PHP HTML DOM Parser Amazon offer listing pull all prices and seller names
I am trying to pull the price and seller from the amazon offer listing pages found at:
http://www.amazon.com/gp/offer-listing/B002UYSHMM
I can get the price by using:
$ret['Retail'] = $html->find('span[class="price"]', 0)->innertext;
This pulls the first price in the offer listing
I tried to pull the matching seller of the first price by using the below to get the alt value from the img which contains the seller name:
$ret['SoldBy'] = $html->find('ul.sellerInformation img', 0)->getAttribute('alt');
It worked for the first one but as I went down it started missing sellers and even missing prices in some cases.

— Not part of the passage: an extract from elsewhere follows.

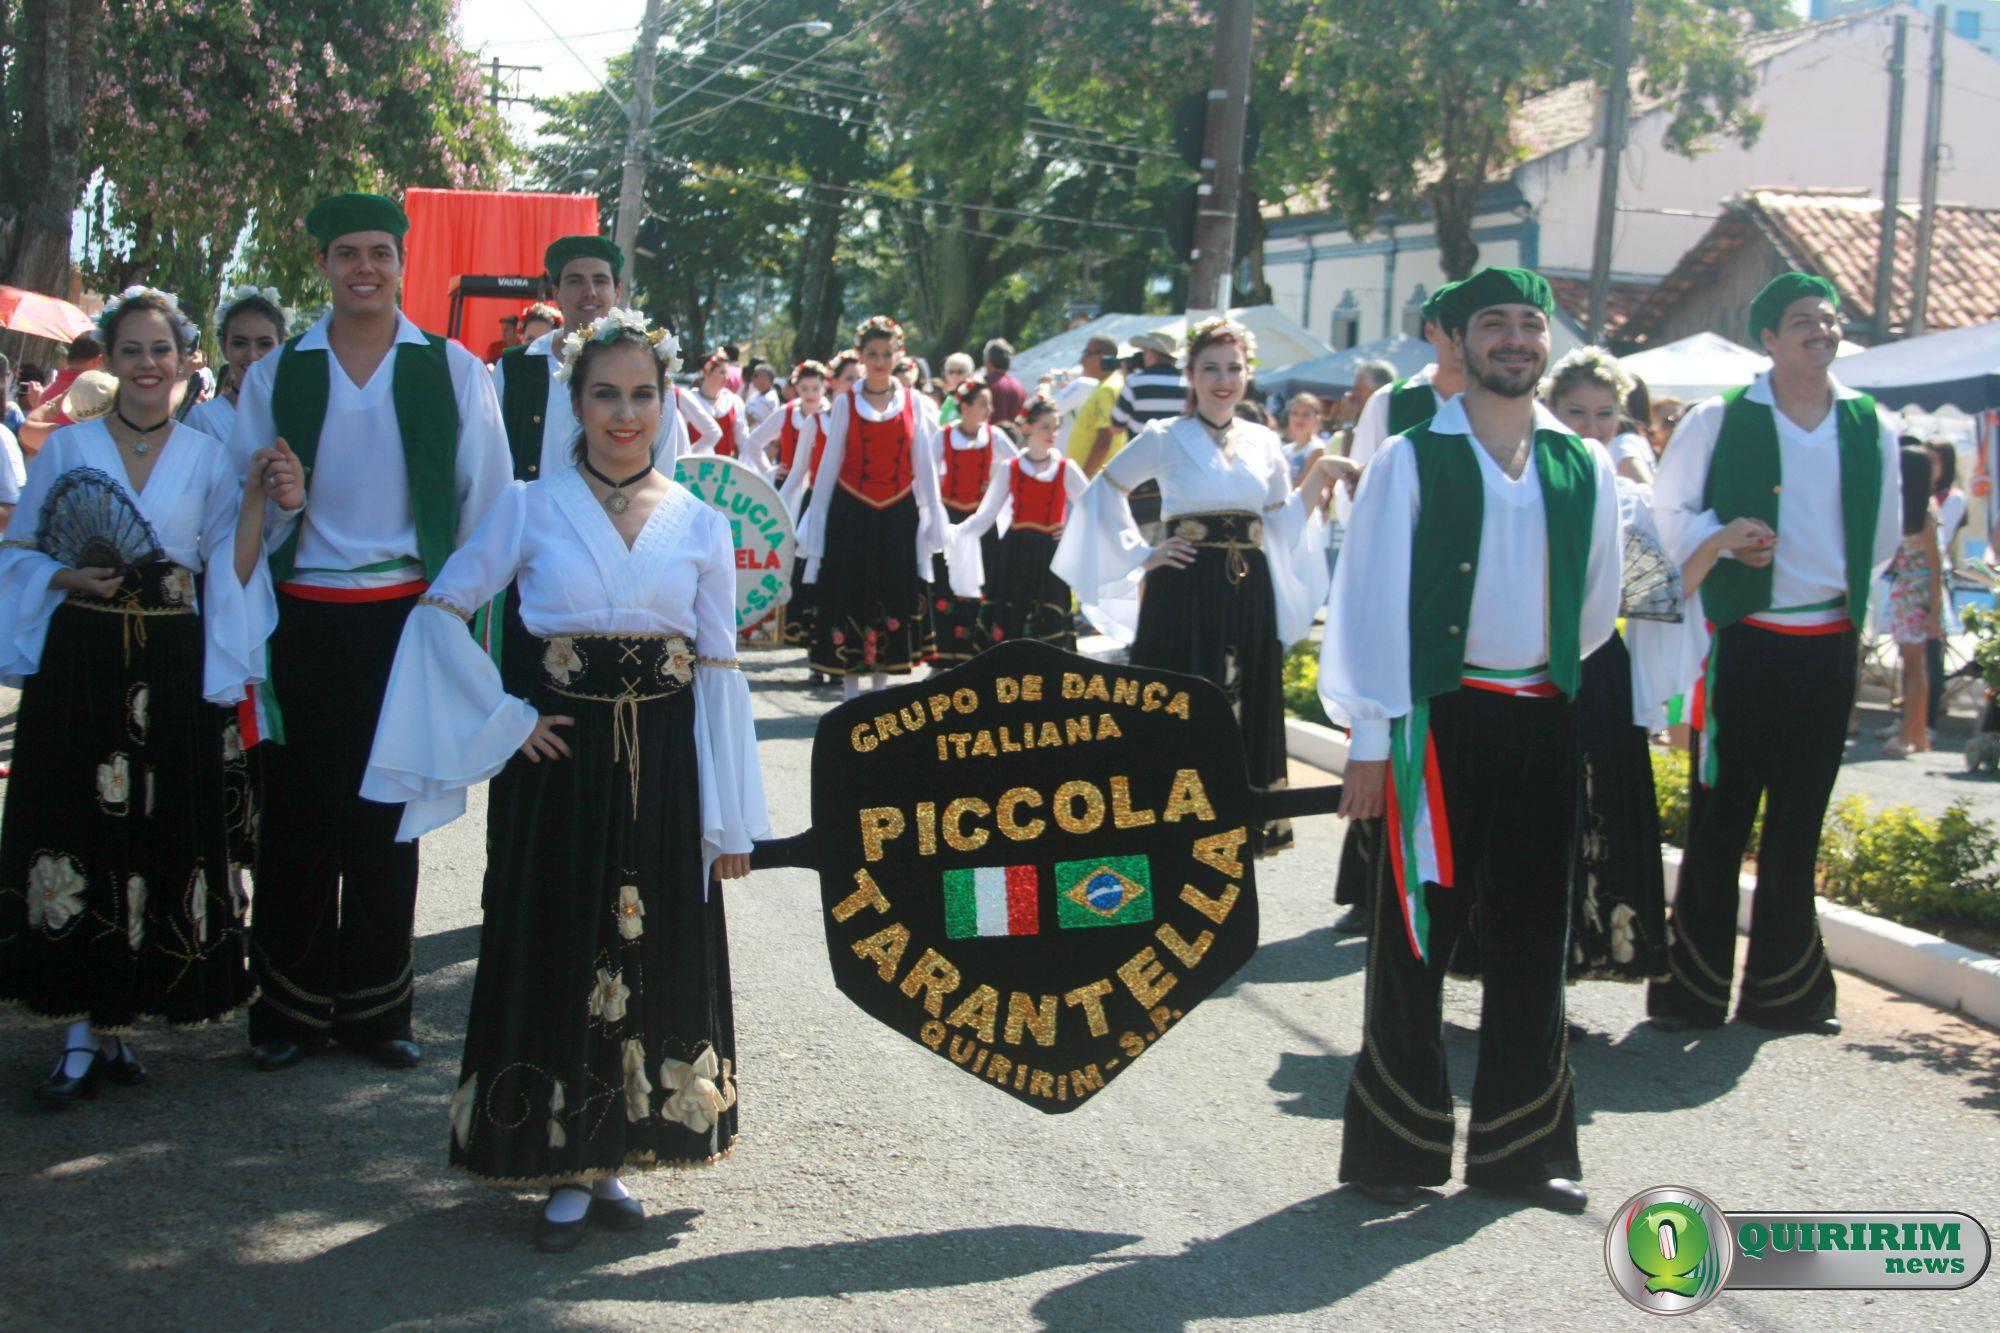 Suficiente Seis coisas que você precisa fazer na Festa Italiana de Quiririm  HV22

Can anyone tell why it would miss sellers and even jump around on prices? All I did to get additional sellers is:
$ret['Retail2'] = $html->find('span[class="price"]', 1)->innertext;
$ret['SoldBy2开发者_Python百科'] = $html->find('ul.sellerInformation img', 1)->getAttribute('alt');
$ret['Retail3'] = $html->find('span[class="price"]', 2)->innertext;
$ret['SoldBy3'] = $html->find('ul.sellerInformation img', 2)->getAttribute('alt');
$ret['Retail4'] = $html->find('span[class="price"]', 3)->innertext;
$ret['SoldBy4'] = $html->find('ul.sellerInformation img', 3)->getAttribute('alt');
$ret['Retail5'] = $html->find('span[class="price"]', 4)->innertext;
$ret['SoldBy5'] = $html->find('ul.sellerInformation img', 4)->getAttribute('alt');
$ret['Retail6'] = $html->find('span[class="price"]', 5)->innertext;
$ret['SoldBy6'] = $html->find('ul.sellerInformation img', 5)->getAttribute('alt');
$ret['Retail7'] = $html->find('span[class="price"]', 6)->innertext;
$ret['SoldBy7'] = $html->find('ul.sellerInformation img', 6)->getAttribute('alt');
Thank you for any suggestions!
<?php
$url = 'http://www.amazon.com/gp/offer-listing/B0036RNK7O/ref=dp_olp_new?ie=UTF8&qid=1319582305&sr=8-2';
$dom = new DomDocument();
$content = file_get_contents($url);
$dom->loadHTML($content);
$results = array();
$classes_to_collect = array('price', 'shipping_block', 'condition', 'sellerInformation');
$seller_elements = array('name', 'rating', 'stock_info', 'item_info');
foreach($dom->getElementsByTagName('tbody') as $tb)
{
if($tb->hasAttribute('class') && stripos($tb->getAttribute('class'), 'result')!==false)
{
foreach($tb->getElementsByTagName('tr') as $tr)
{
$new_result = array();
foreach($tr->getElementsByTagName('td') as $td)
{
foreach($td->childNodes as $cne)
{
foreach($classes_to_collect as $ctc)
{
if($cne->hasAttributes() && $cne->getAttribute('class') && stripos($cne->getAttribute('class'), $ctc)!==false)
{
if($cne->localName=='ul')
{
$new_sellern = array();
$lis = $cne->getElementsByTagName('li');
foreach($lis as $lii=>$lie)
{
$value = $lie->textContent;
if($seller_elements[$lii]=='item_info')
{
$cutoff = strpos($value, 'amznJQ.onReady');
if($cutoff) $value = substr($value, 0, $cutoff);
}
else if($seller_elements[$lii]=='name')
{
$cutoff = strpos($value, 'Seller:');
if($cutoff!==false) $value = substr($value, 7);
}
else if($seller_elements[$lii]=='rating')
{
$cutoff = strpos($value, 'Seller Rating:');
if($cutoff!==false) $value = substr($value, 14);
}
$new_seller[$seller_elements[$lii]] = trim($value);
}
$new_result[$ctc] = $new_seller;
}
else $new_result[$ctc] = $cne->textContent;
}
}
}
}
$results[] = $new_result;
}
}
}
print_r($results);
Will print a huge multi-dimensional array
I used a foreach and put the results into an array. Worked much better since the number of sellers varies by item.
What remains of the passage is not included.